In the URL we can see the options we selected! Moreover, they have been used as parameters for the URL along with their corresponding `value` attribute. The parameter names (that `Informatique`, `2009-2010`, `Bachelor semestre 1`, and `Semestre d'automne` are being set to) could be identified by navigating through our `filters` list (by going into the `td` tag and then selecting the `name` attribute of the `input` tag).

In [31]:
for field in filters:
    print(field.td.input["name"])

zz_x_UNITE_ACAD
zz_x_PERIODE_ACAD
zz_x_PERIODE_PEDAGO
zz_x_HIVERETE


`zz_*` seems to be for the string parameter name and `xx_*` for the corresponding `value` attribute.
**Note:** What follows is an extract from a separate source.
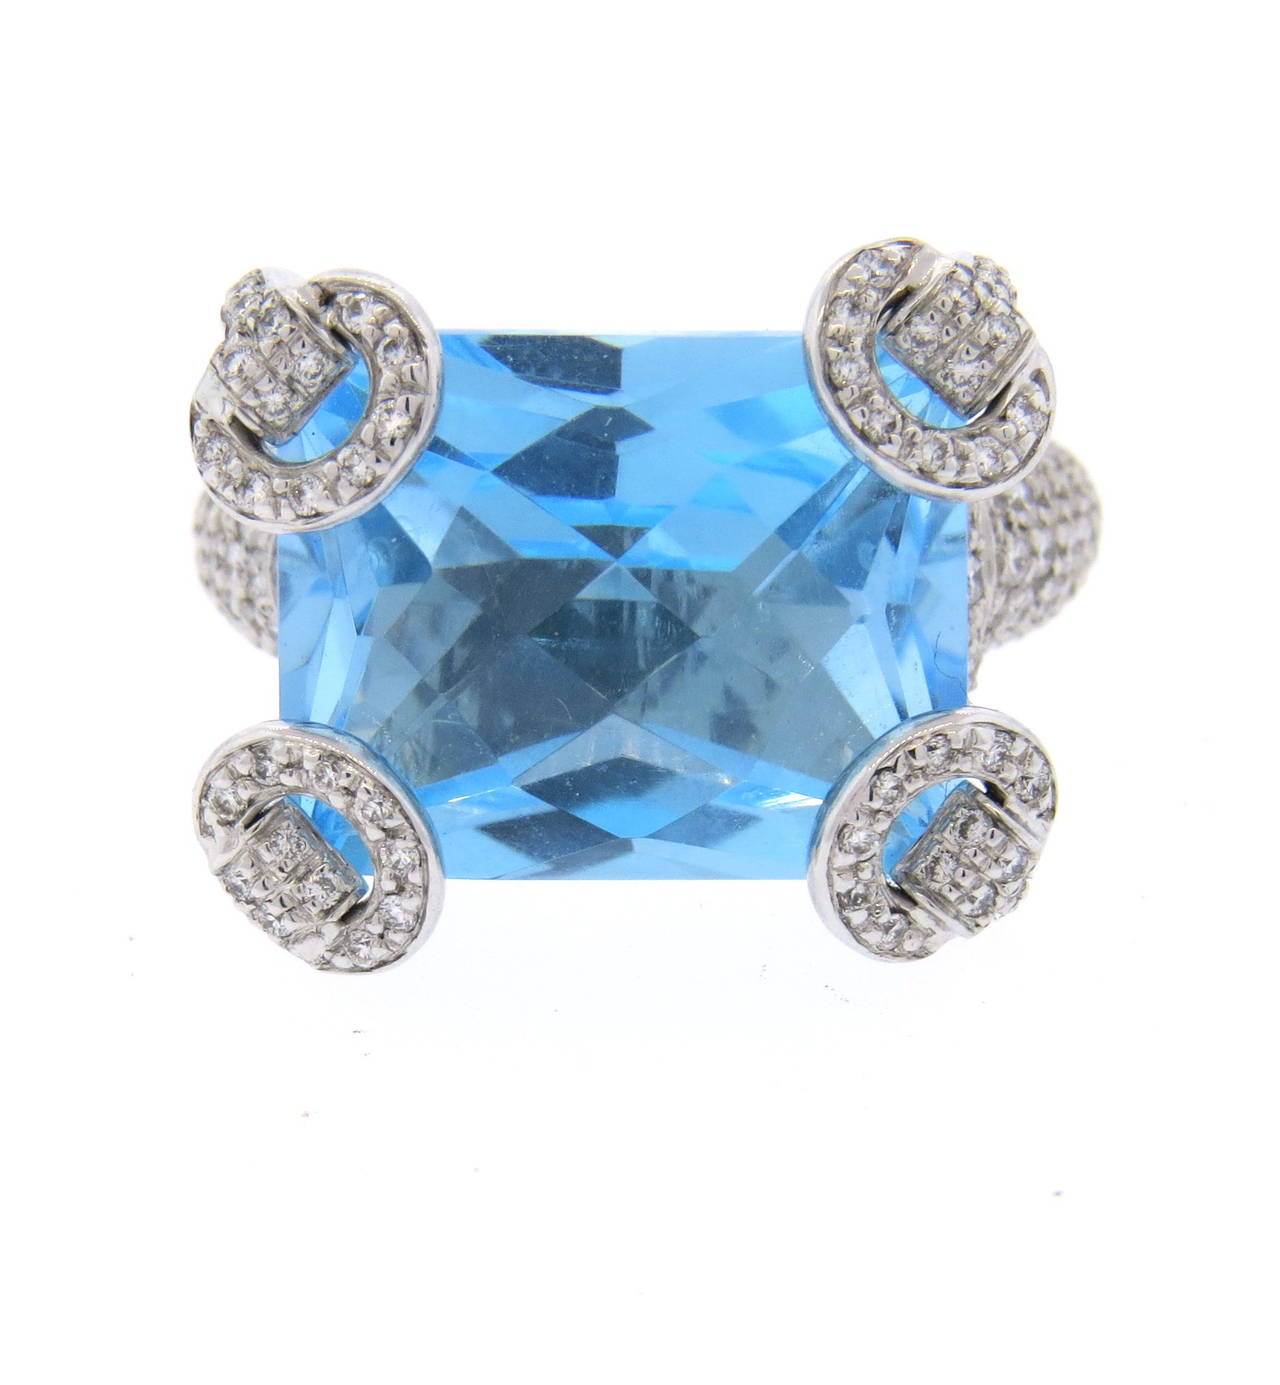 An 18k white gold ring set with 0.90cts in G/VS diamonds and a 17ct blue topaz.  Crafted by Gucci for their Horsebit collection, the ring is a size 6.75.  The top of the ring is 20mm x 17mm.  The ring weighs 16.3 grams.  Currently retailed by Gucci

However, it is also possible to get the same HTML content without the `zz_*` parameters by adding the `ww_b_list` parameter (we found this out using Postmaster):

http://isa.epfl.ch/imoniteur_ISAP/!GEDPUBLICREPORTS.filter?ww_b_list=1&ww_i_reportmodel=133685247&ww_i_reportModelXsl=133685270&ww_x_HIVERETE=2936286&ww_x_PERIODE_ACAD=978195&ww_x_UNITE_ACAD=249847&ww_x_PERIODE_PEDAGO=249108

When checking out the HTML content, we see a new table at the bottom (corresponding to the options we see on the IS-Academia portal) with attribute `border="0"`. Let's check it out with `BeautifulSoup`.

In [34]:
r = requests.get("http://isa.epfl.ch/imoniteur_ISAP/!GEDPUBLICREPORTS.filter?ww_b_list=1&ww_i_reportmodel=133685247&ww_c_langue=&ww_i_reportModelXsl=133685270&zz_x_UNITE_ACAD=Informatique&ww_x_UNITE_ACAD=249847&zz_x_PERIODE_ACAD=2009-2010&ww_x_PERIODE_ACAD=978195&zz_x_PERIODE_PEDAGO=Bachelor+semestre+1&ww_x_PERIODE_PEDAGO=249108&zz_x_HIVERETE=Semestre+d%27automne&ww_x_HIVERETE=2936286&dummy=ok")
soup = BeautifulSoup(r.content, 'html.parser')
print(soup.prettify())

<html>
 <head>
  <meta content="text/html; charset=utf-8" http-equiv="Content-Type">
   <div>
   </div>
   <title>
   </title>
   <script src="GEDPUBLICREPORTS.txt?ww_x_path=Gestac.Base.Palette_js&amp;ww_c_langue=fr" type="text/javascript">
   </script>
   <link href="GEDPUBLICREPORTS.css?ww_x_path=Gestac.Moniteur.Style" rel="stylesheet" type="text/css">
    <link href="GEDPUBLICREPORTS.css?ww_x_path=Gestac.Moniteur.StyleNavigator" rel="stylesheet" type="text/css"/>
   </link>
  </meta>
 </head>
 <body alink="#666666" bgcolor="#ffffff" link="#666666" marginheight="0" marginwidth="5" vlink="#666666">
  <div class="filtres">
   <form action="!GEDPUBLICREPORTS.filter" method="GET" name="f">
    <input name="ww_b_list" type="hidden" value="1">
     <input name="ww_i_reportmodel" type="hidden" value="133685247">
      <input name="ww_c_langue" type="hidden" value="">
       <h1 id="titre">
        Liste des étudiants inscrits par semestre
       </h1>
       <table border="0" id="format">
 

We now see this new parameter `ww_x_GPS`. Let's follow the link for `Informatique, 2009-2010, Bachelor semestre 1` and analyze as before. The webpage now shows the corresponding list of students! With Postman, we see a `GET` request with the following URL:

http://isa.epfl.ch/imoniteur_ISAP/!GEDPUBLICREPORTS.html?ww_x_GPS=213617925&ww_i_reportModel=133685247&ww_i_reportModelXsl=133685270&ww_b_list=1&ww_x_UNITE_ACAD=249847&ww_x_PERIODE_ACAD=978195&ww_x_PERIODE_PEDAGO=249108&ww_x_HIVERETE=2936286

This is very similar to previous URL with one key difference: the new parameter `ww_x_GPS` with its corresponding value has been added to the URL.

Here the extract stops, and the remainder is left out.